Delaney’s hand briefly rests on my arm, a practical pressure that conveys, “I know. You’re okay.”
Henry moves through the background with Max on his hip, fixing a cabinet hinge one-handed.
Nobody comments on the tears I’m blinking back because every woman in this kitchen has been where I’m sitting.
“Angus made her test it on him first,” Luna adds. “Both forearms. He let her slather calendula paste on him for twenty minutes. Didn’t say a word. Just stood there with his sleeves rolled up and his scars visible, letting her work.”
“He’s ridiculous,” Kitty says, though her voice is soft.
“He’s Angus.” Luna shrugs like a woman who has stopped being surprised by her husband’s devotion and has started to expect it. “He doesn’t know how to love small.”
Shay snorts. “None of them do. Henry ate twelve scones this morning because I was nervous about the batch. Didn’t tell me they were overbaked until I found him drinking a gallon of water behind the barn.
” She shakes her head, but her smile is that of a woman who watched a man the size of a barn door choke down bad pastry because her feelings mattered more than his stomach. “Tom’s the worst, though.”
Kitty groans. “Don’t.”
“He named the new barn cat Kitty Two,” Shay says, looking delighted. “He told Angus it was because the cat reminded him of his wife—small, blonde, and hisses when startled.”
“I do not hiss.”
“You hissed at the toaster last week,” Luna says mildly.
The laughter that fills the kitchen is warm and layered.
Delaney catches my eye with a look that says, this is what you're walking into.
“Five for five,” Shay says, quieter now, looking at me. “Marlie hasn’t missed yet.”
I press the jar to my chest. Around me, the sound of laughter overlaps, filling the kitchen like sunlight. I’ve never been inside a world like this. Never been part of the overlap.
The foster kid inside runs the numbers again. How long until they see through me?
Then Shay puts another scone on my plate, and the calculation keeps returning the same impossible answer:
Stay.
An hour later, Ethan finds me on the porch, sitting on the top step with the jar in my lap and Max asleep against my shoulder.
Shay said he’ll only nap if someone warm is holding him.
She might have made that up, but I don’t care because this baby weighs almost nothing, and his fist is curled around my collar.
I have never held anything this small and this certain.
Ethan stops at the bottom of the steps, looking at me, the baby, and the jar.
His whole expression shifts, becoming tender and aching, so full of want that I have to look away.
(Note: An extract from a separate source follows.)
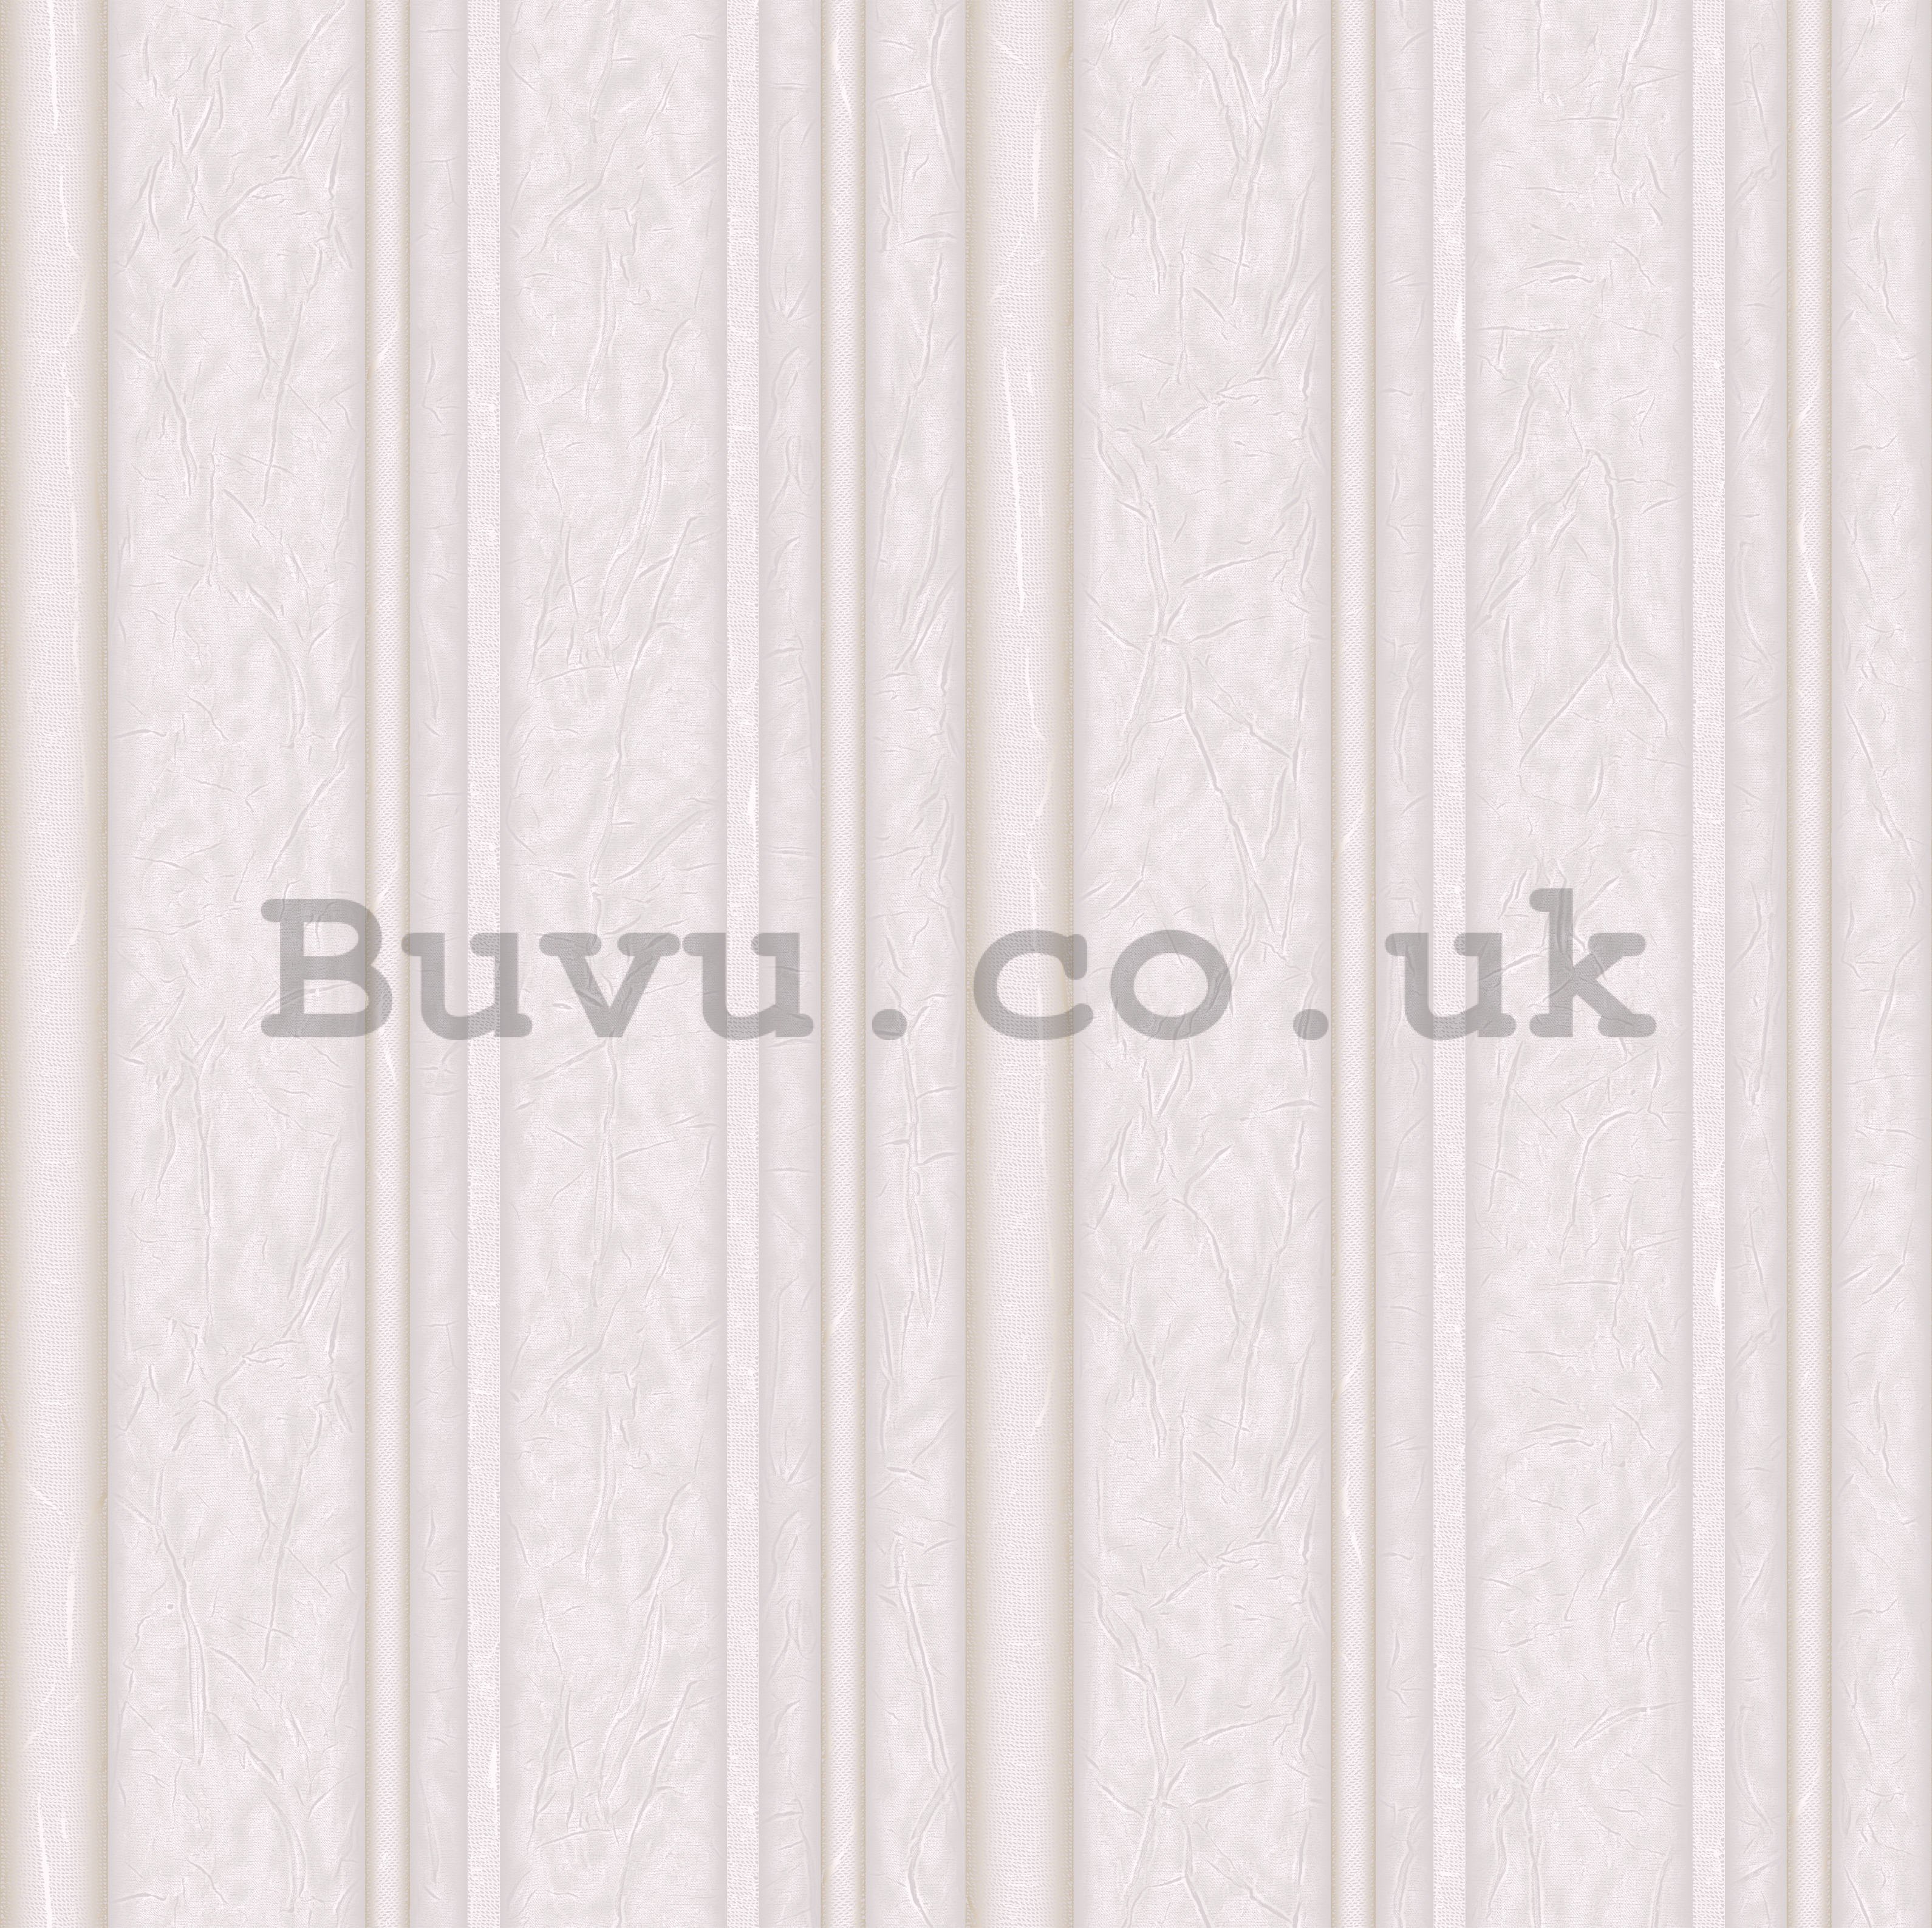 Vinyl wallpaper vertical stripes narrow beige gray

If I don’t, I'll say something that sounds like forever, and I’m not ready to risk saying that word out loud.
“You told them.” My voice is thick. I don’t specify what, but he knows.
He sits on the step below me, tipping his head back until it rests against my knee. “Yeah.”
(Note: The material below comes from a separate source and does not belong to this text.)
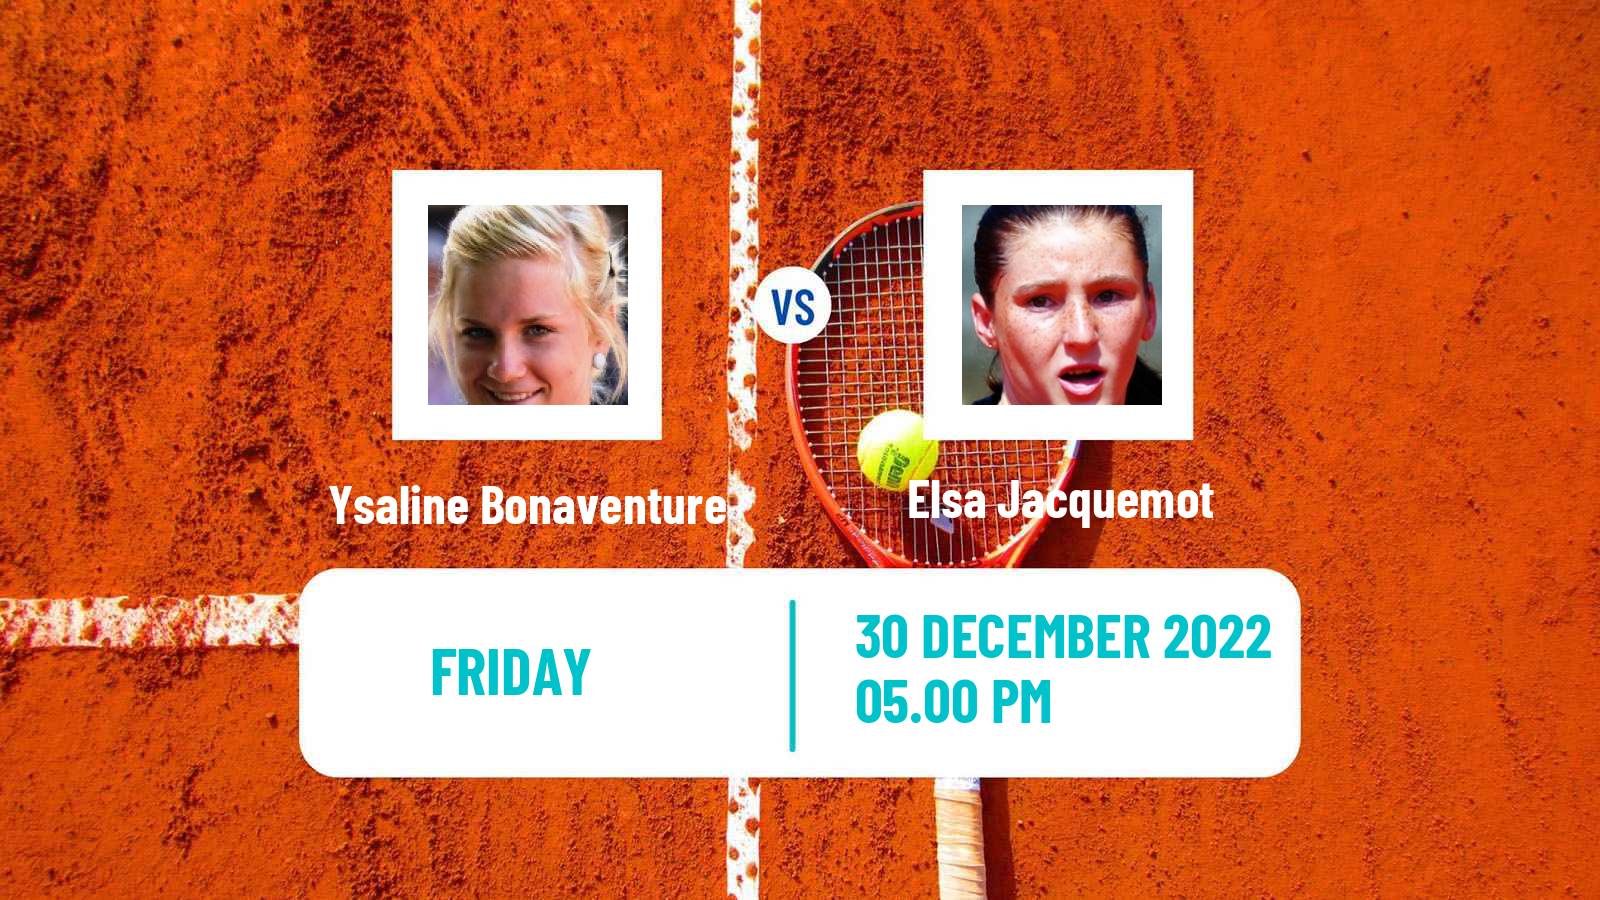 Tennis WTA Auckland Ysaline Bonaventure - Elsa Jacquemot

“You didn’t ask me first.”
“No.”
“They made me a jar, Ethan.”
His hand finds my ankle, wrapping around it, and his thumb traces the bone in small circles. “Kitty likes to help. They all do.”
I press my lips to the top of Max’s head to avoid saying something reckless. The biggest thing anyone has ever done for me happened in a conversation I wasn’t part of, and the evidence is a jar and four women who said, “Sit down.”
Ethan’s head is warm against my knee. Max’s soft little breaths are the only sound.
In the truck on the way home, my hand turns palm-up on the console. He takes it and holds on. The jar sits in my lap, warm where my body has heated the glass. Outside, the valley rolls past in gold and green, and neither of us speaks because the silence is full enough.